INSTRUCTIONS FOR THE TASK: Leave out the pictures, and retype the remaining data exactly.

DATASET EXCERPT:
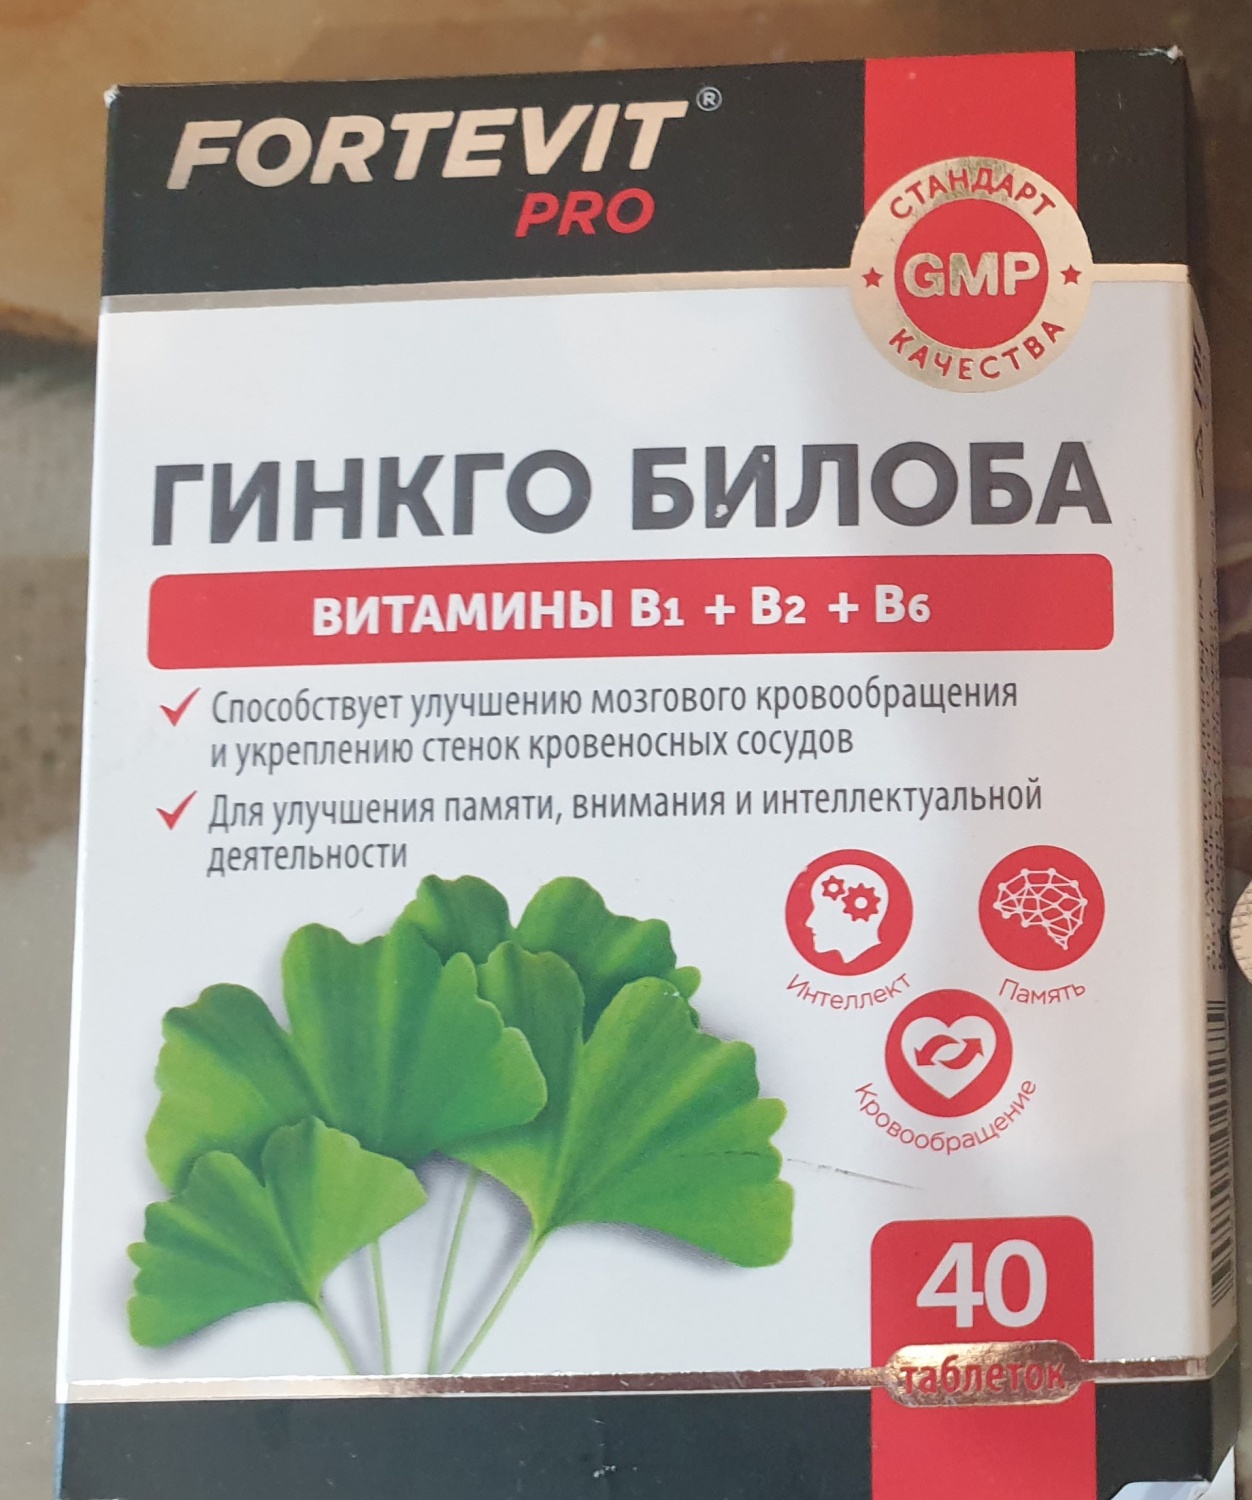 Таблетки Fortevit pro Гинкго билоба витамины +В1+В2+В6 - «Масса энергии .
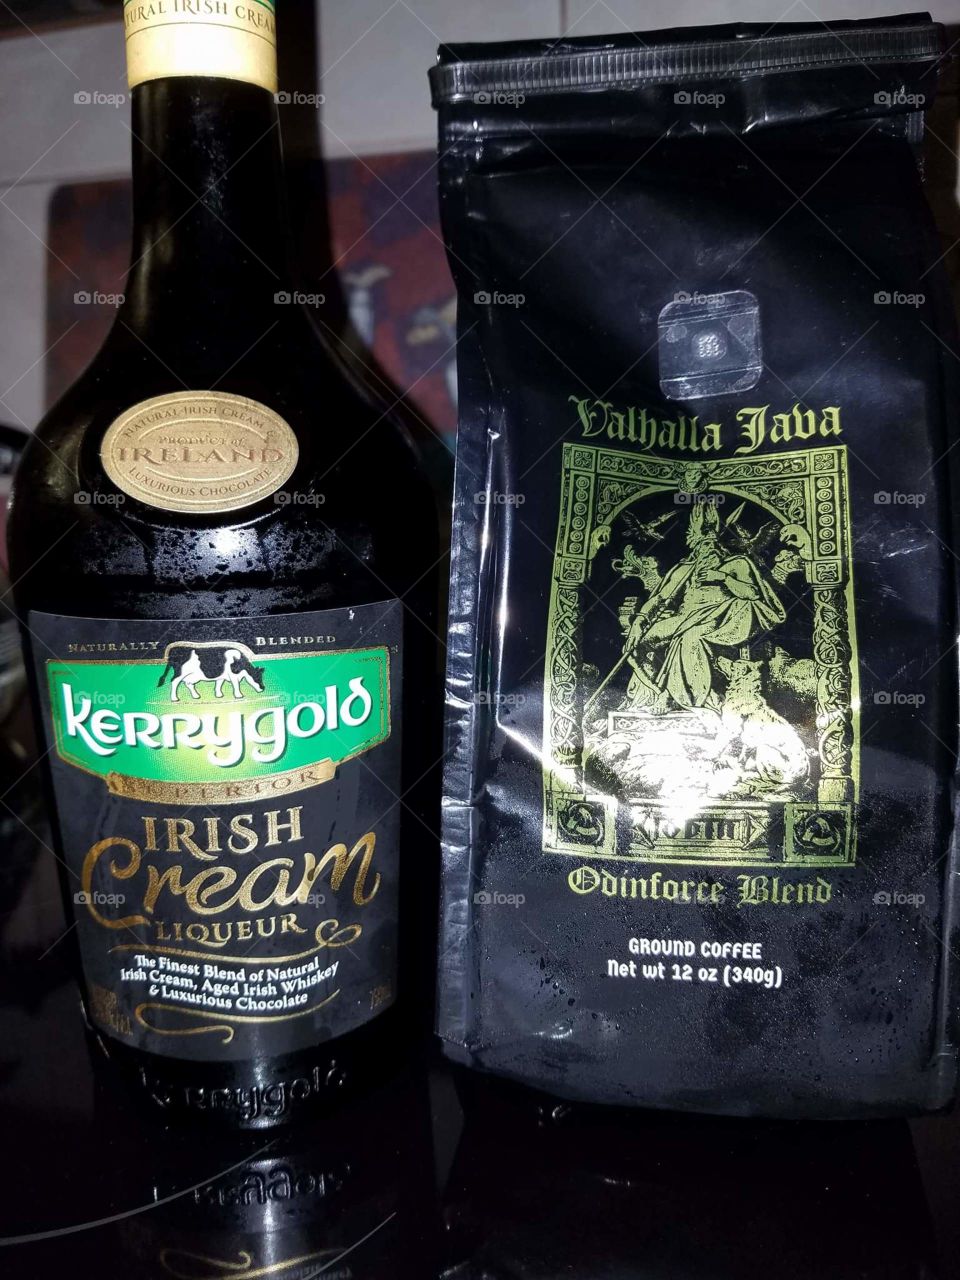 Irish cream and coffee
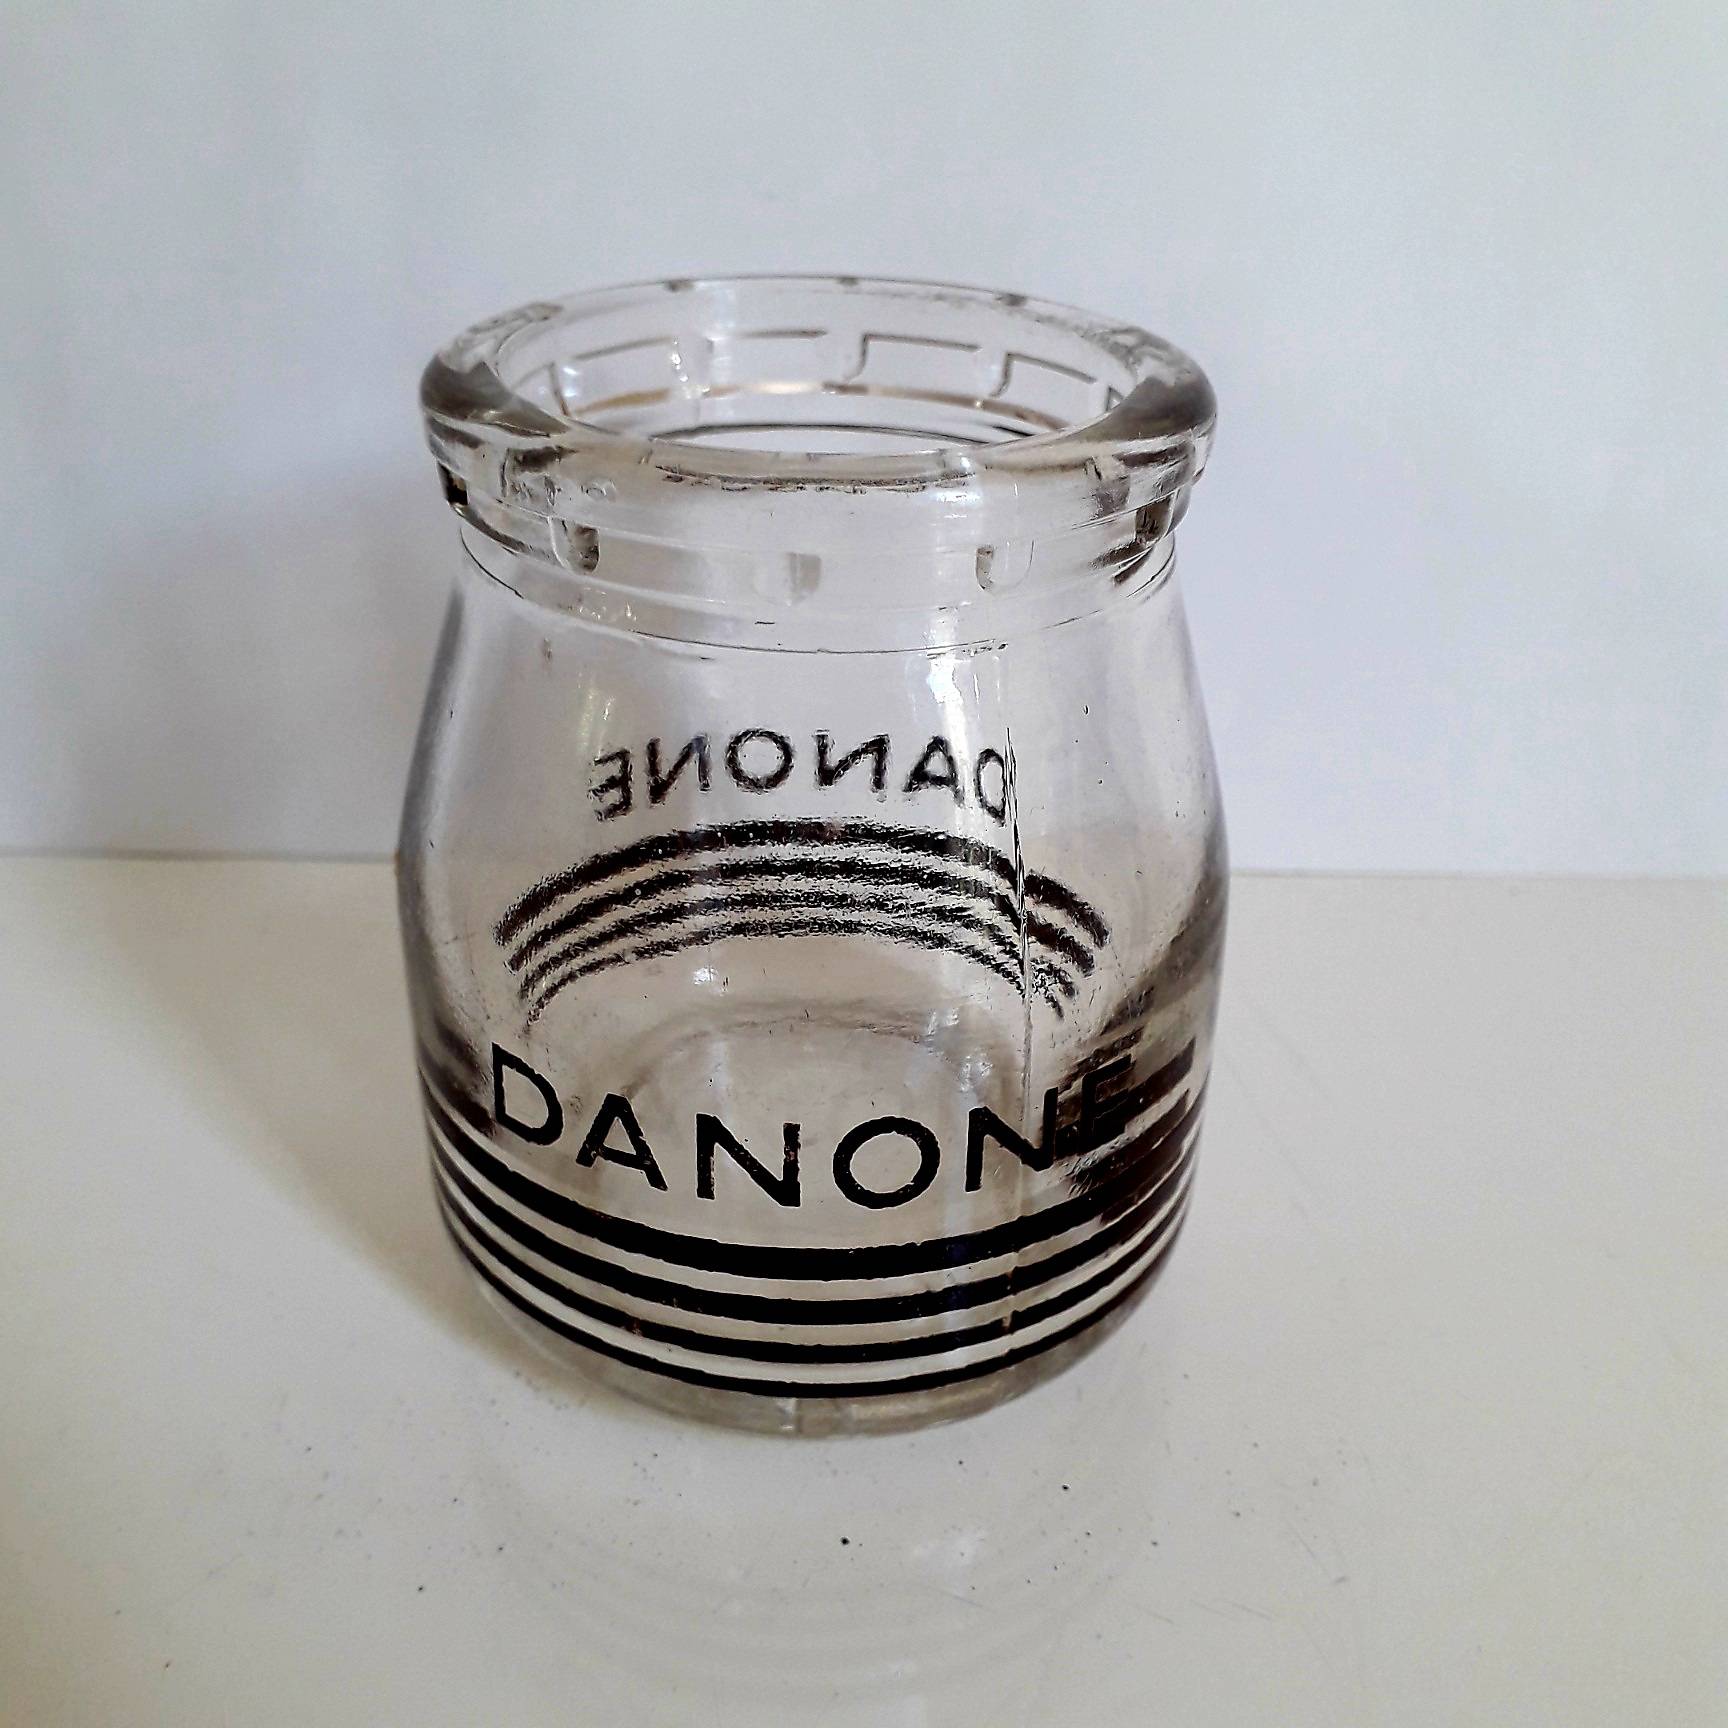 Ancien pot de yaourt en verre Danone, années 1950 - Début de Série
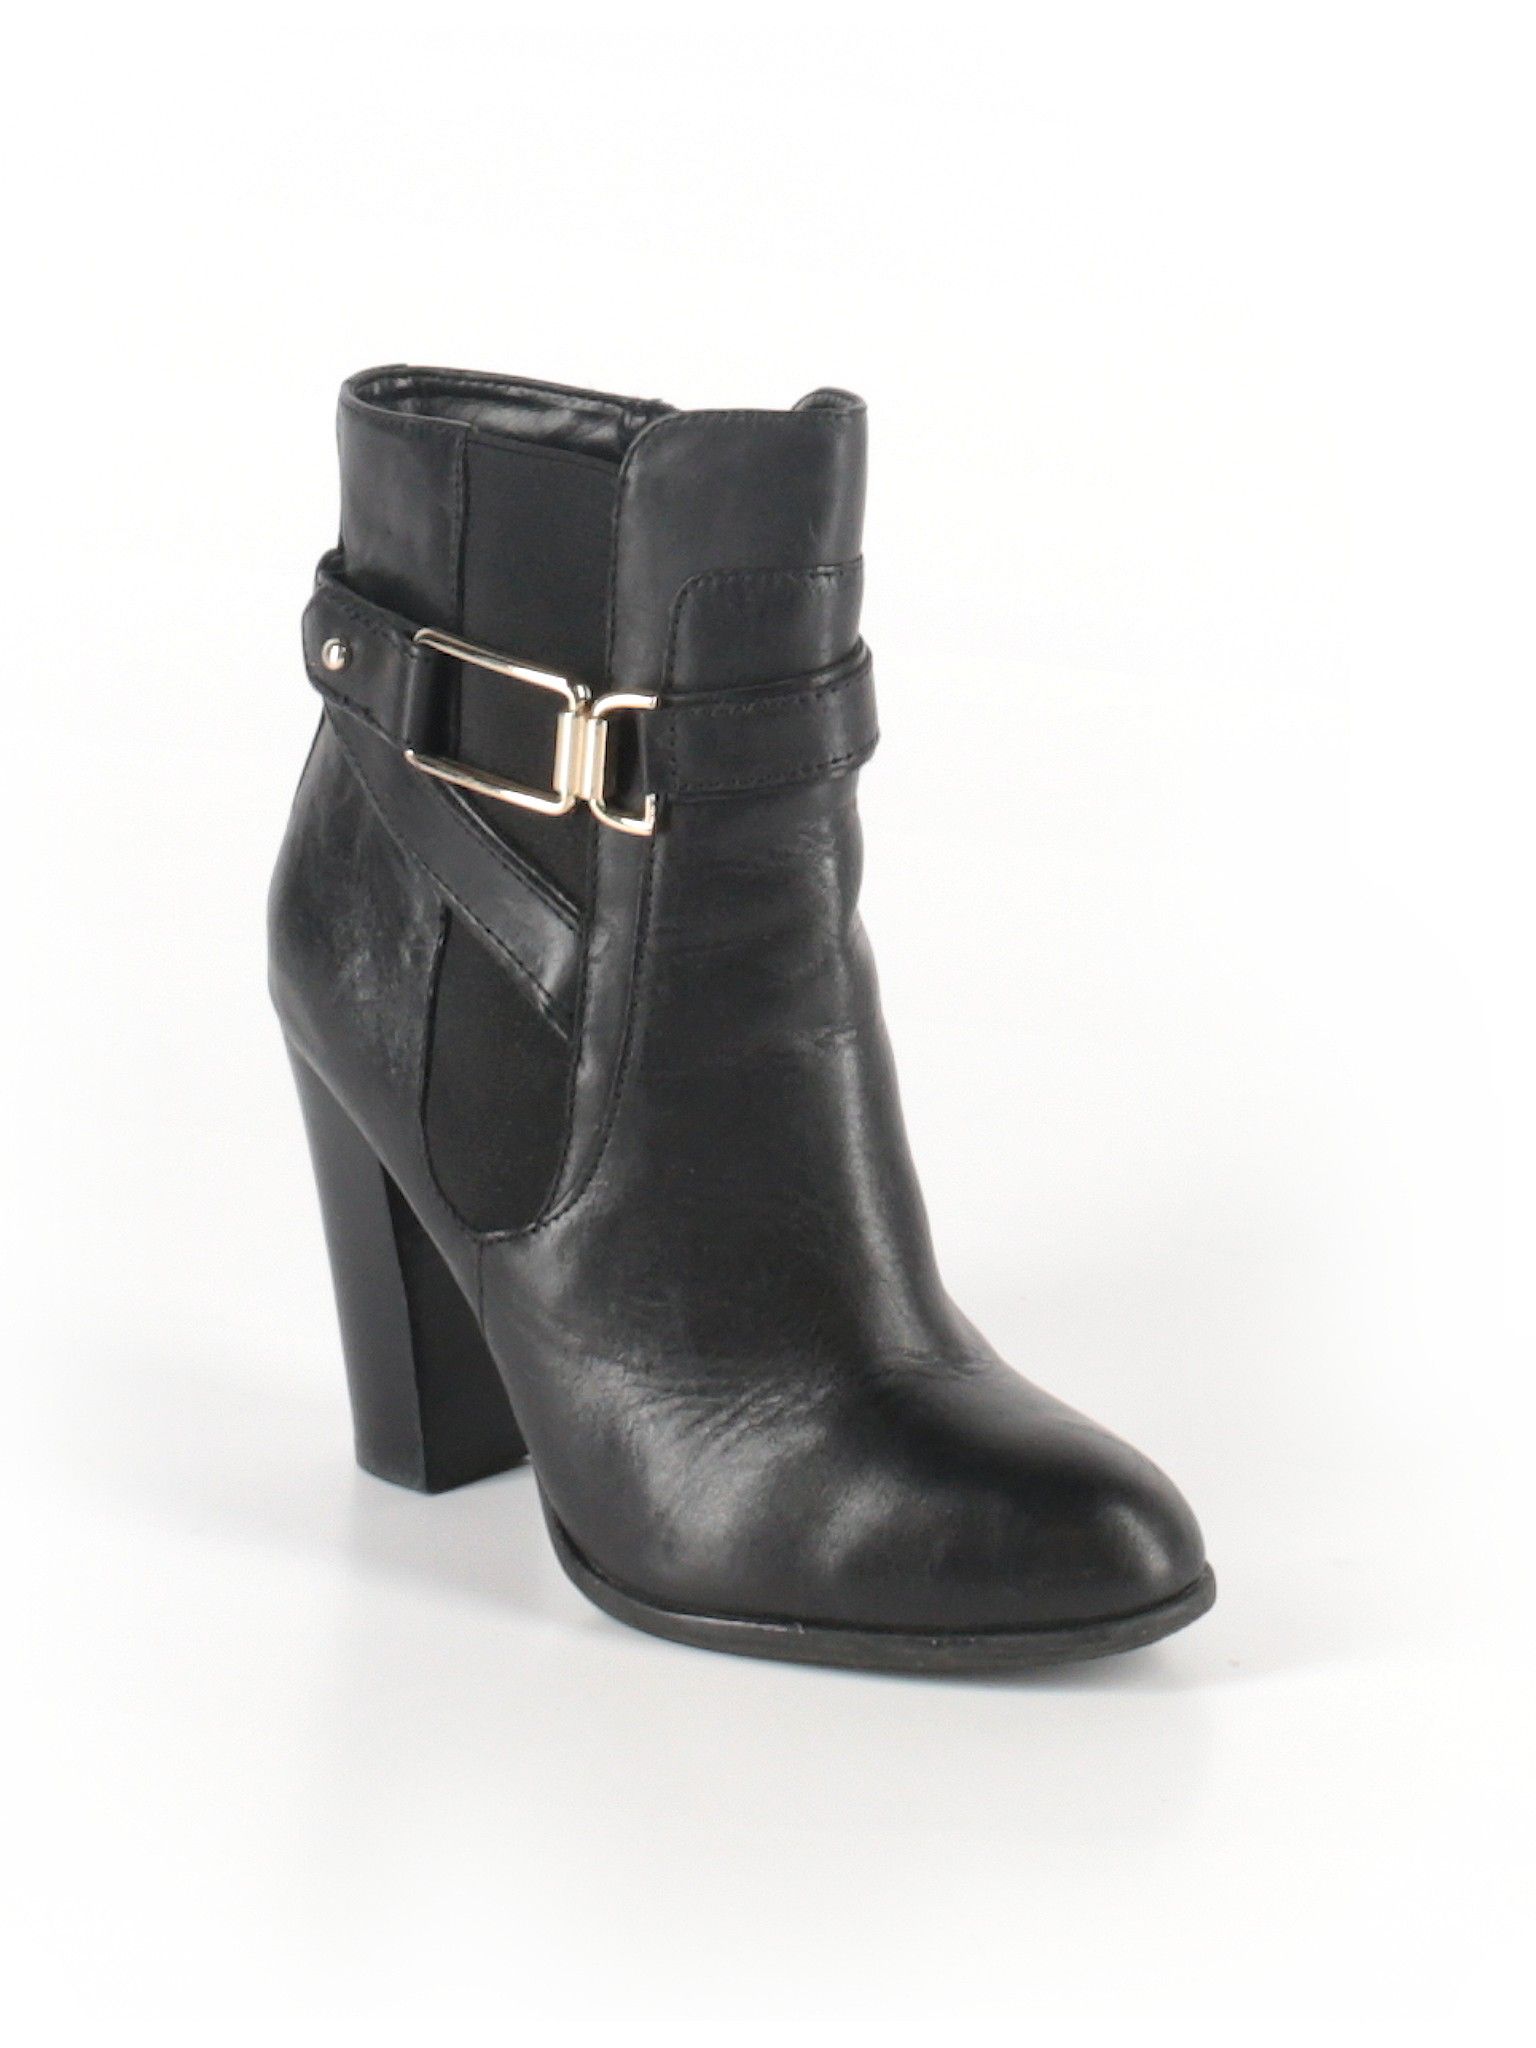 Aldo Ankle Boots Size 6 1/2: Black Women's Shoes - 42213220 | thredUP

RESULT FOR THIS TASK:
 Таблетки Fortevit pro Гинкго билоба витамины +В1+В2+В6 - «Масса энергии .
 Irish cream and coffee
 Ancien pot de yaourt en verre Danone, années 1950 - Début de Série
 Aldo Ankle Boots Size 6 1/2: Black Women's Shoes - 42213220 | thredUP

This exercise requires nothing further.